Further, though it is not shown in the figures, some other portion of the polysilicon layer 6 is patterned in various ways and utilized for fabricating some other parts of the device, such as, a fuse element which is inevitable for such a high density memory device for increasing the yield of the production. A protection circuit for protecting the device from unexpected high voltage surge is also fabricated using the same polysilicon layer 6. These devices all require high conductivity for the polysilicon layer 6. Thus, a thicker polysilicon layer is desirable for these parts.
The width of the resistor, as well as the size of other elemental devices, may be decreased by photolithography in order for the length of the load resistor to be decreased. However, there is another difficulty which arises; namely, a resistor having a very high resistance value requiring increased length. As previously discussed, the values of the resistance of the load resistor is 10.sup.12 Ohms with a 3 .mu.m length. However, having too short a length with high resistance causes instability due to surface instability and impurity diffusion. In the case of the resistance loaded cell shown in FIGS. 1(a) and (b), both sides of the load resistor contact high impurity regions, the Vcc line and the gate electrode. The impurities, especially those which are doped in the Vcc line, cause diffusion into the load resistor and decrease the effective length of the resistor.
It will be understood from FIG. 1(a) that the length of the resistor is already designed to the maximum length allowable in a unit cell. The resistors are extended over their full lengths between the Vcc line and the gate contact holes 2 which are located at another end of the inverter transistor Q. A further increase in the length causes an unnecessary elongation of the transistor Q; thereby, decreasing the packing density.
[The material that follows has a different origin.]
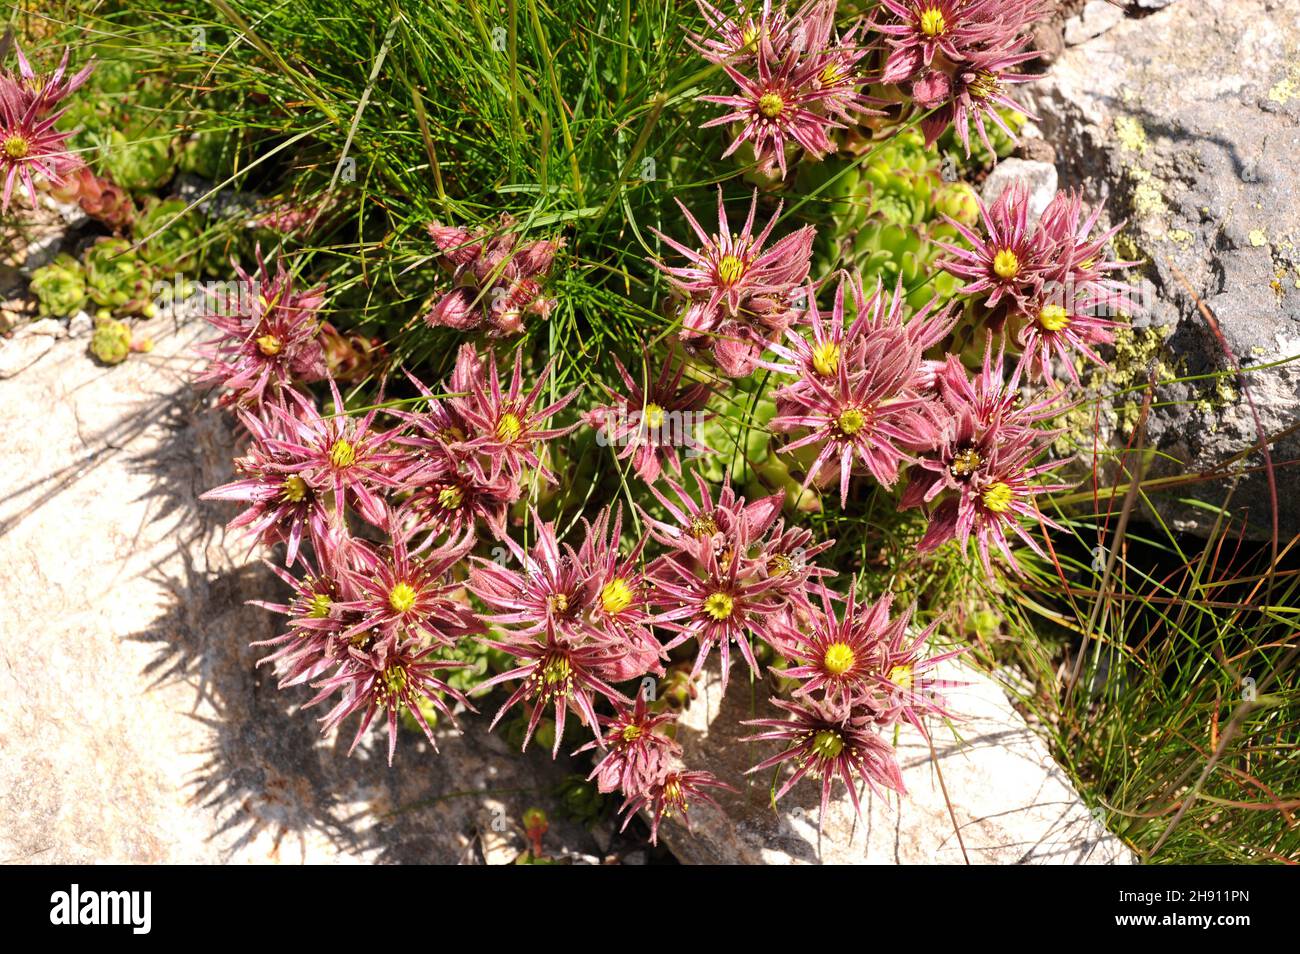 Siempreviva de montana (Sempervivum montanum) es una planta suculenta  nativa de las montañas europeas. Detalle de flores. Esta foto fue tomada en  Val d'Aran Fotografía de stock - Alamy

Therefore, in order to fabricate a memory device having a further increased memory size, an increase in the size of the memory device is indispensable.
Efforts to increase the packing density in large scale integrated circuit (hereinafter, "LSI") are continuing in every field of semiconductor technology, especially in photolithographic technology. Even though photolithography is improved and the patterns of elemental devices are made smaller, the size of the SRAM is limited by the length of the load resistors for the reasons set forth above.
If the length of the load resistor from the drain of the inverter FET to the VCC line, hence the resistance of the load resistor, can be increased by extending it over the adjacent unit cell, a higher packing density can be achieved, because there is still sufficient room in the size of the inverter FET's to be reduced in size.